Demonstrations on Maryland’s Eastern Shore
In the summer of 1962, members of the Black community in Cambridge, Maryland launched Project Eastern Shore, a grassroots organizing effort to spark the empowerment of Black people. It was led by the SNCC-affiliated Cambridge Nonviolent Action Committee (CNAC) and Baltimore’s Civic Interest Group (CIG), also affiliated with SNCC. Two full-time field workers, Baltimore native and Maryland State student Bill Henry, and Swarthmore student and member of the Northern Student Movement, Tom Kennedy, led the effort. They used speakers, mass meetings, workshops, and classes to conduct a voter education drive, aiming to increase Black interest in electoral politics, as well as build Black political power.
Although a third of Cambridge’s residents were Black, there were only three Black police officers. They were forbidden to patrol in white neighborhoods and could not arrest whites. Police brutality was a common occurrence. Segregation, including school segregation, was total.
Organizers recruited students, who even before the summer had been engaging in protests, one resulting in hundreds of arrests. Such efforts helped gain national attention, especially the attention of the larger Civil Rights Movement which tended to focus on the Deep South.
Project Eastern Shore and the later Mississippi’s Freedom Summer both put significant emphasis on voter education drives, but there were differences. Local whites in Cambridge did not react as violently to voter registration as they did in Mississippi. Some white moderates even openly endorsed voter registration, viewing it as better alternative to the direct action protests in the streets and in public facilities like restaurants and lunch counters. Black voter registration also didn’t threaten the white majority in Cambridge, as it did in the Black Belt South. Local newspapers even reluctantly accepted Bill Henry’s leadership because he was an Eastern Shore native.
Although the summer was relatively peaceful, it was not without incident. On July 26, 1962, Gloria Richardson, Henry, Kennedy, Arnold Goldway from CORE’s Brooklyn chapter, and others went to the White Owl Inn to inquire about its employee diversity. The Inn’s owner, Early Hoge informed them that he had not hired a Black woman to work in the restaurant because it was closed. But right after this exchange, and while the group was still there, Hoge welcomed and served a group of white customers.
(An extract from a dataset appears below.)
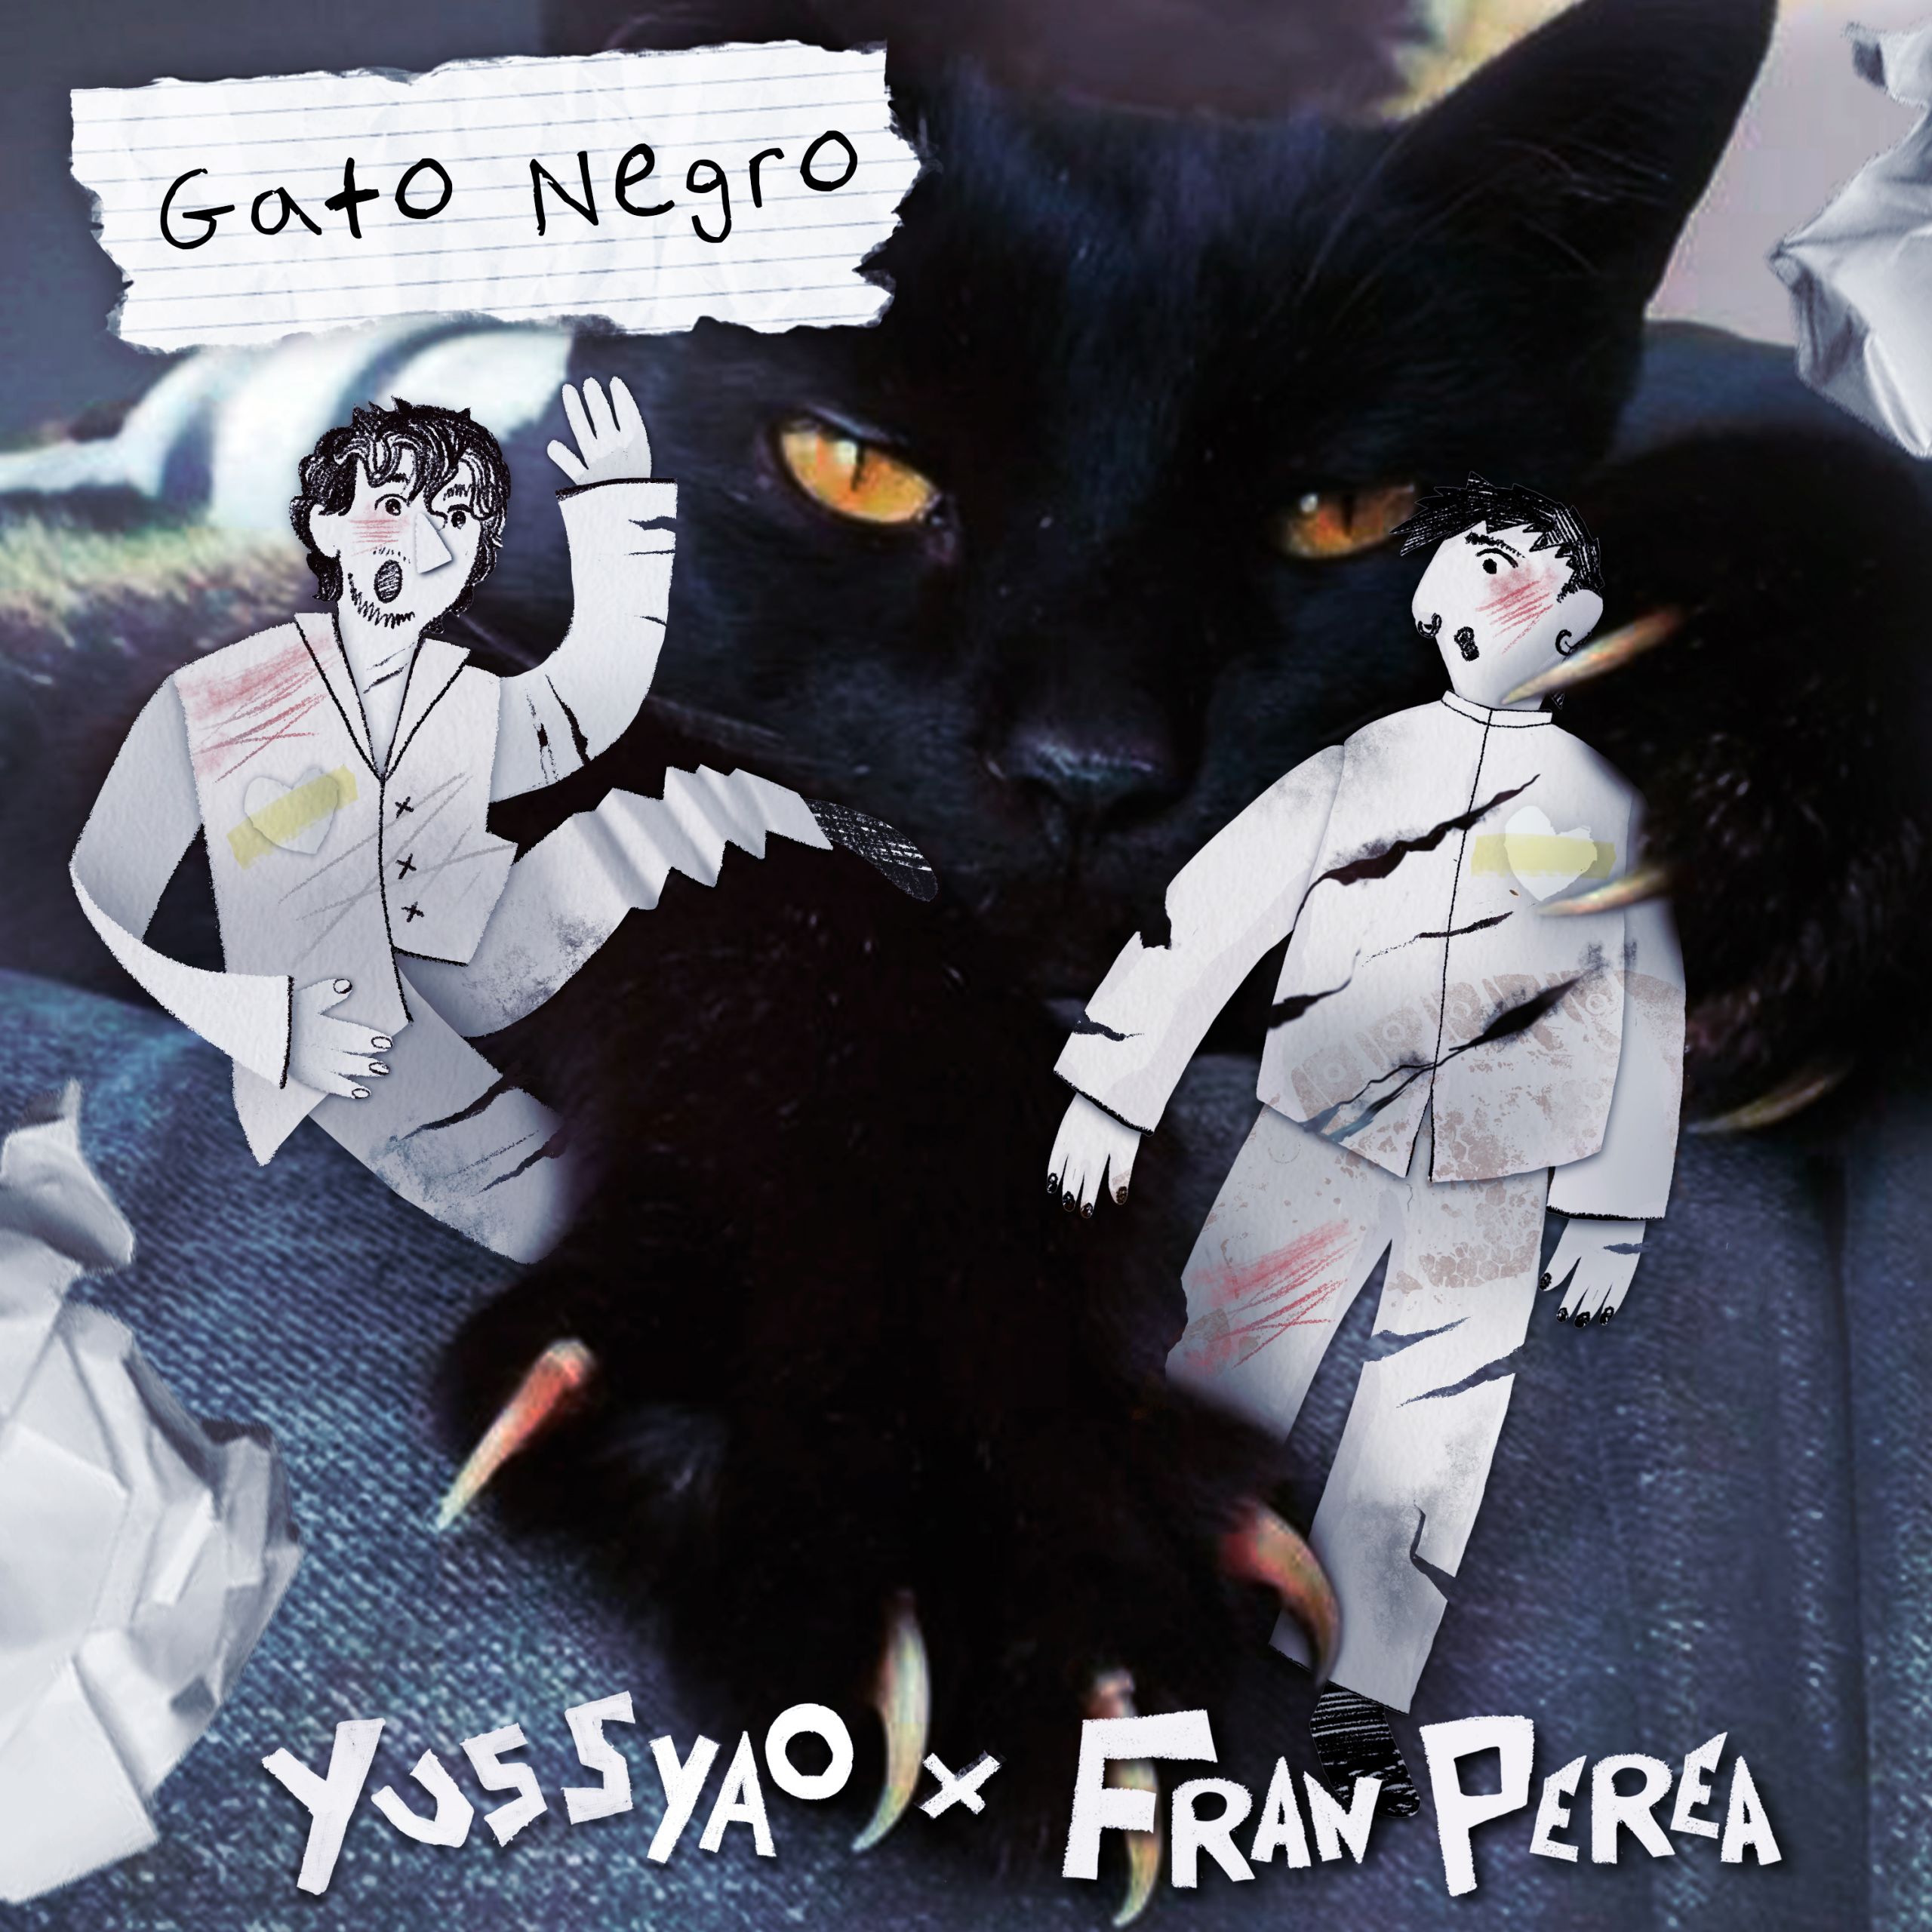 Yuss Yao con Fran Perea "Gato negro", nuevo videoclip

Local police soon arrived and, according to a complaint made by the NAACP, an officer pushed Kennedy across the room.
At the end of the summer, Tom Kennedy and Bill Henry returned to school but not without the hopes of expanding the project the following summer. Meanwhile, students from Howard University’s Nonviolent Action Group (NAG) and the Northern Student Movement in partnership with Gloria Richardson and other local leaders, worked hard to create a force for local action. Henry and Kennedy authored a proposal to be submitted to SNCC’s headquarters that called for fifteen new volunteers, both Black and white, who would be responsible for conducting student tutorials and adult education, especially on “Negro History” and “Negro Culture.” Before the project could return for a second year, however, local Black leadership decided to change tactical direction, accelerating direct action as its major form of protest.
Peter B. Levy, Civil War on Race Street: The Civil Rights Movement in Cambridge, Maryland (Gainesville: University of Florida Press, 2003).
Interview with Reggie Robinson by Charlie Cobb, November 5, 2014, Brown University.